Volkswagen Financial Services (VWFS) reported a 5.6% year-on-year increase in H1 profits to €1.2bn (£1bn), which it attributed to strong deliveries for passenger cars and a low interest rate environment in Europe.
The number of new contracts was up by 300,000 to 3.9m. Revenues were up 4.1% to €16.6bn. Leasing income from passenger cars was down 3% to €396m, but was offset by higher revenues in the commercial vehicles segment and other financial services.
Volkswagen, which last month revealed plans for car-sharing in Germany and abroad to compete with the likes of BMW and Daimler, said it was “well prepared for the future challenges in the mobility business and the mixed developments in regional automotive markets”.

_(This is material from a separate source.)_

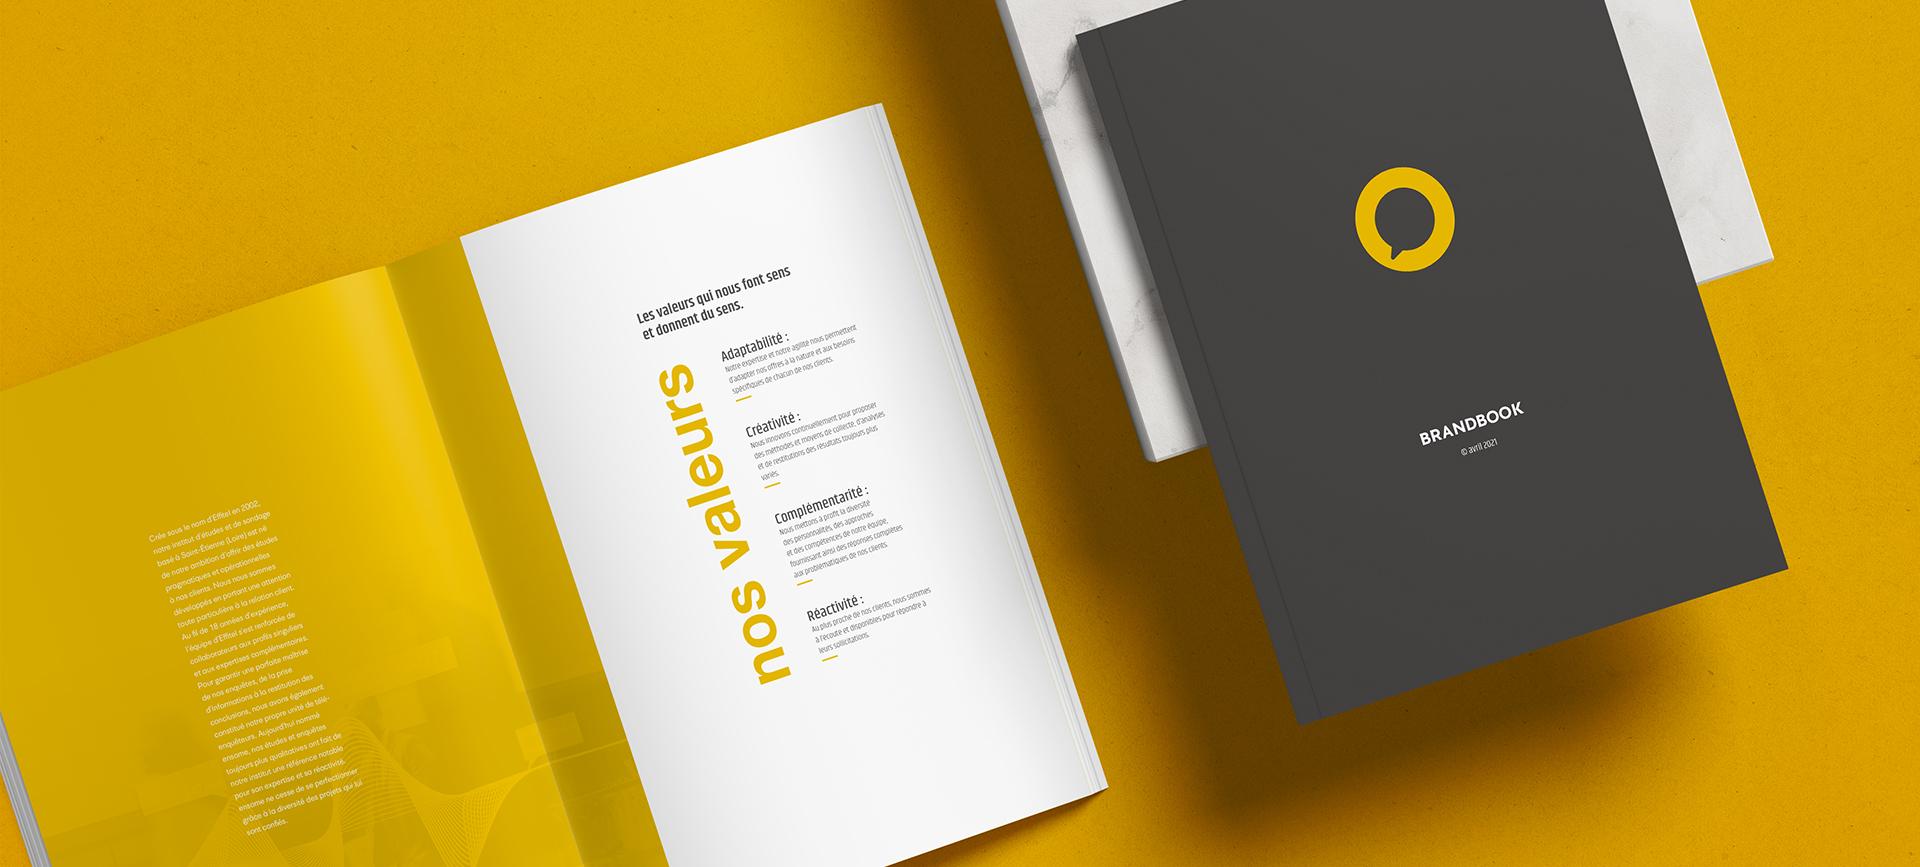 Brandbook pour la création d'une nouvelle marque

It highlighted a digitalisation drive within VWFS, which it linked to the captive’s investment in VTXRM, a Portuguese contract management company, in April.
“We believe that automotive financial services will continue to be very important for vehicles sale worldwide in 2018,” Volkswagen said.
Volkswagen group results feel dieselgate impact
At group level, Volkswagen reported a fall in profits of 9.1% to €8.1bn, despite higher revenues of €119bn, up 3.4%.
An increase in income in all segments, with VW passenger car profits up by €340m, was offset by a €1bn dieselgate fine and another €635m in costs over the emission cheating scandal.
The group has been navigating a turbulent year, with its operations probed by prosecutors in Germany, the United States and elsewhere. In June, Audi boss Rupert Stadler was arrested in Germany, with prosecutors citing risks of evidence tampering and flight.
The carmaker’s position in its home market was further complicated when Germany’s Federal Court of Justice gave the green light for local authorities to impose city-wide bans on diesels. In the aftermath of the decision, Volkswagen launched a “diesel ban guarantee” for buyers of new vehicles, in an effort to safeguard passenger car sales.